When the truth hits, it will really be Cannibal Anarchy. I’d like to see anyone, other than occasionally the Elf King Kucinich, or even less occasionally, Feingold, stand up on the floor and tell it like it is.

Hell, at this point I’d be happy to have Cynthia McKinney as my Senator. Barbara and Dianne aren’t about to do anything radical, which is what we fucking need.

The whole point is, the only game in town doesn’t give us SHITE. The only game in town needs to be changed, which millions naively assumed Obama was all about. It’s not gonna happen on this watch.

Perhaps never on any watch, but I’m not going to praise the Unicorn for dropping a few crumbs here and there while continually kow-towing to the oligarchy. We do live in an oligarchy, not a democracy, and until people realize that we’re no better than serfs.

@Pedonator: And I did vote for Obama this last time, but I’m not at all ashamed of my vote for Nader in ’00. Everyone always says it’s not the time to go third-party, but I think it’s obvious our two-party system is an EPIC FAIL. How do you build a third party? By voting for them.


As soon as your buddy Ralph Nader and his supporters come back from chilling with the trustafarians at Burning Man and change the U.S. and 50 states’ constitutions to change our electoral and democratic model to be a European multi-party system that doesn’t rely upon first-past-the-post system, give me a call.
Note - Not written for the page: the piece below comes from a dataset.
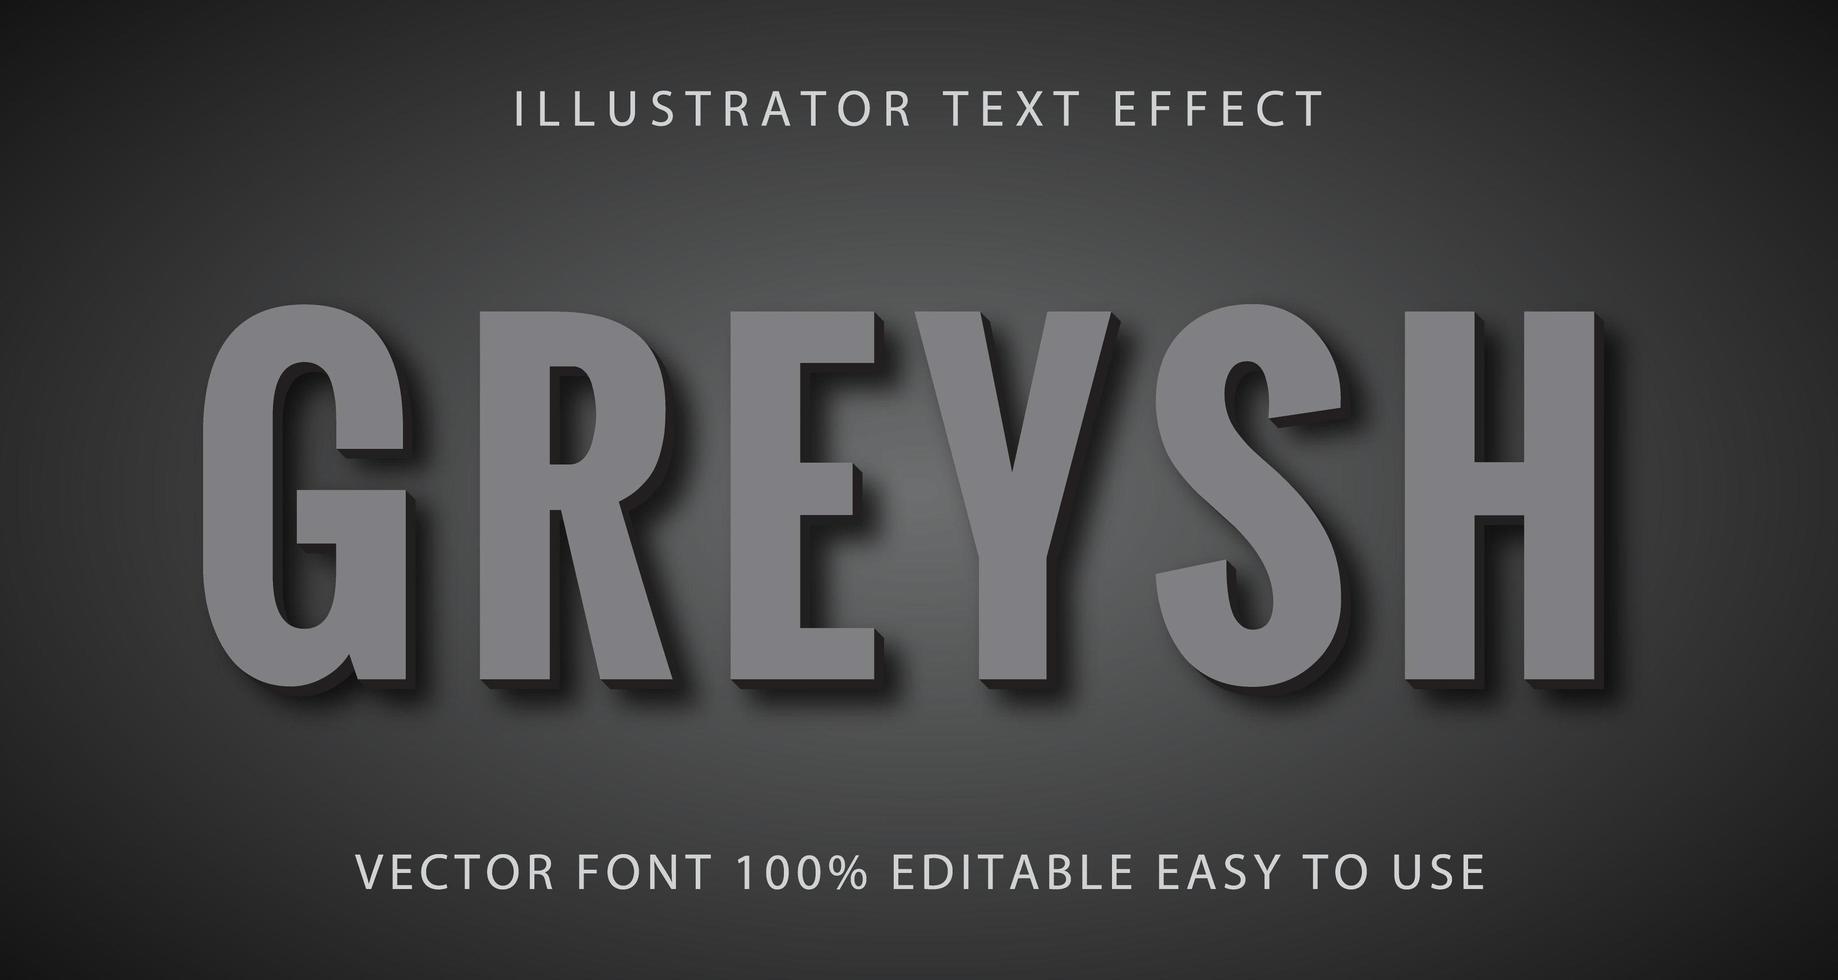 cinza cinza com efeito de texto de sombra vetor

Exactly. Who is pushing for this? I think it would be a good first step.

And HOW do we push for this?

I’m not saying anything I propose is realistic, but without fundamental change in our political system we can look forward to more of the same — no matter who is in the majority of Congress, no matter who is in the White House.

Bookoo for Obama and his restoration of a semblance of science on the federal payroll; how many of the scientists’ policy proposals do you think will be acted upon?

I kinda like the Ron Paul idea that if corporations harm me, I can sue the fuck outta them. Not that it’s realistic.

Given the industrial chemical soup we live in, how could I ever make a case against the mighty DOW or Monsanto when there are so many other factors at work?

I’m no fan of Late Ralphie, but let’s bear this in mind:

1. Gore won the popular vote.

2. If Gore had not run away from Bubba, Gore might have won even more of the popular vote.

3. The only vote that mattered anyway was 5-4.

@nojo: My whole point right after that clusterfuck was:

How could that many people have voted for W?

I truly didn’t believe it possible, at the time. Then came 2004.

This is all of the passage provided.